___ Entries supplied

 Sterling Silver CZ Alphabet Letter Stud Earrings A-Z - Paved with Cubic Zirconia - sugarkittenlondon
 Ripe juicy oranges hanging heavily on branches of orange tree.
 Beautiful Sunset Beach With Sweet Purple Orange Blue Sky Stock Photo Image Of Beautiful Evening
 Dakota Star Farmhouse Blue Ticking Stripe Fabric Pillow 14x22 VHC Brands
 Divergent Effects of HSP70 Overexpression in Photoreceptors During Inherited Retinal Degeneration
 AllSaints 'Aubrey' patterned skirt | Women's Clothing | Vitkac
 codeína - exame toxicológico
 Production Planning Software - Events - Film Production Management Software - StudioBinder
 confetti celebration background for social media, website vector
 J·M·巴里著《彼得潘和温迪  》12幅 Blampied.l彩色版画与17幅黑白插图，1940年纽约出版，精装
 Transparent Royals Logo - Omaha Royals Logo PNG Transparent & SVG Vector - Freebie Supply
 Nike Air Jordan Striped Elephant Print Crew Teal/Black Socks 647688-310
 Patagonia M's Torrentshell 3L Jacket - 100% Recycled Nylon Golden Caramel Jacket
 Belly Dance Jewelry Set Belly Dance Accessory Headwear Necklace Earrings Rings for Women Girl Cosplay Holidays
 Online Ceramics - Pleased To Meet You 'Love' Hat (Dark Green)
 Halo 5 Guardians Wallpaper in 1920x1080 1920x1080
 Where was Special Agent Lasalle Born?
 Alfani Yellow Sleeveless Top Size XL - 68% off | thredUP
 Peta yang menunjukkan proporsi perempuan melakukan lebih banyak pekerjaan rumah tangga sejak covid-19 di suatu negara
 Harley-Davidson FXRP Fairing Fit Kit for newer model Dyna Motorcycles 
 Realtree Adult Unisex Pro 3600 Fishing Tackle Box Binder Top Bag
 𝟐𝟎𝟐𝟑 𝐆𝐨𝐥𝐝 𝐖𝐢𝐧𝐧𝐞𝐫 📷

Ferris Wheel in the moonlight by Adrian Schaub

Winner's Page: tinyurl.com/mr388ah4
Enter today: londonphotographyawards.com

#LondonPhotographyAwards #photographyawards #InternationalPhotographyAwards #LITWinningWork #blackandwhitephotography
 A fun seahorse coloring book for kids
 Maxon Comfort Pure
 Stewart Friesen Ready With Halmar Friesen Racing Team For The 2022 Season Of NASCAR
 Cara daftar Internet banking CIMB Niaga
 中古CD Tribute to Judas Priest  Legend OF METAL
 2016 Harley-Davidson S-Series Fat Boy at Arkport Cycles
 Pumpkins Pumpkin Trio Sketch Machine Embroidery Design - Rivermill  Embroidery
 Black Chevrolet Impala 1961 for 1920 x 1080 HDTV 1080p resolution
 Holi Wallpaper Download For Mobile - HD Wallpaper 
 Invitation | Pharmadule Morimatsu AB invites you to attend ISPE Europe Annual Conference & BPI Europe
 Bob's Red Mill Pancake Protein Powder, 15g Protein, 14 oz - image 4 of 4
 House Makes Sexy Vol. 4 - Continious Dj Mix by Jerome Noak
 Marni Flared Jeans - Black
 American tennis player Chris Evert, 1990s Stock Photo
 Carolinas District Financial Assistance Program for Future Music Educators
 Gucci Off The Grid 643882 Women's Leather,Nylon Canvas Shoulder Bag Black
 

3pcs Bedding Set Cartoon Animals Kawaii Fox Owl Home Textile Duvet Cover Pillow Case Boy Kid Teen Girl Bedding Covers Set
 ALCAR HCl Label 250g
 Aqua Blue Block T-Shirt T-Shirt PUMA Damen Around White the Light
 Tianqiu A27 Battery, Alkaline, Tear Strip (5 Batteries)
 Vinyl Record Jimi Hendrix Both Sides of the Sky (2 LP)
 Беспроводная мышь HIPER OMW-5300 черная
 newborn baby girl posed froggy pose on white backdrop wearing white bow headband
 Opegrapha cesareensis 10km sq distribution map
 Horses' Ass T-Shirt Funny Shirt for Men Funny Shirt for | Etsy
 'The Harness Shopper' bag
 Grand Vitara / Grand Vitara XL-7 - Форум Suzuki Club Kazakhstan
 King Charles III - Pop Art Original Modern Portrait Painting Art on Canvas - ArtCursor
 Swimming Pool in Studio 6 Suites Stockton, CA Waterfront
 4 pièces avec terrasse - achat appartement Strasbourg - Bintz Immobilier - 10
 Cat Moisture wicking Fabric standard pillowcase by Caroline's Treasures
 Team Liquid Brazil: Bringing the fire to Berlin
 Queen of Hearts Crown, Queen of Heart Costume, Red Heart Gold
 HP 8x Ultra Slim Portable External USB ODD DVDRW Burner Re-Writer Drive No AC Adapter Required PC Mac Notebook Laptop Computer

______

What is expected: From the listing above, copy every line that includes the word "Blue".

Answer to this problem:
 Beautiful Sunset Beach With Sweet Purple Orange Blue Sky Stock Photo Image Of Beautiful Evening
 Dakota Star Farmhouse Blue Ticking Stripe Fabric Pillow 14x22 VHC Brands
 Aqua Blue Block T-Shirt T-Shirt PUMA Damen Around White the Light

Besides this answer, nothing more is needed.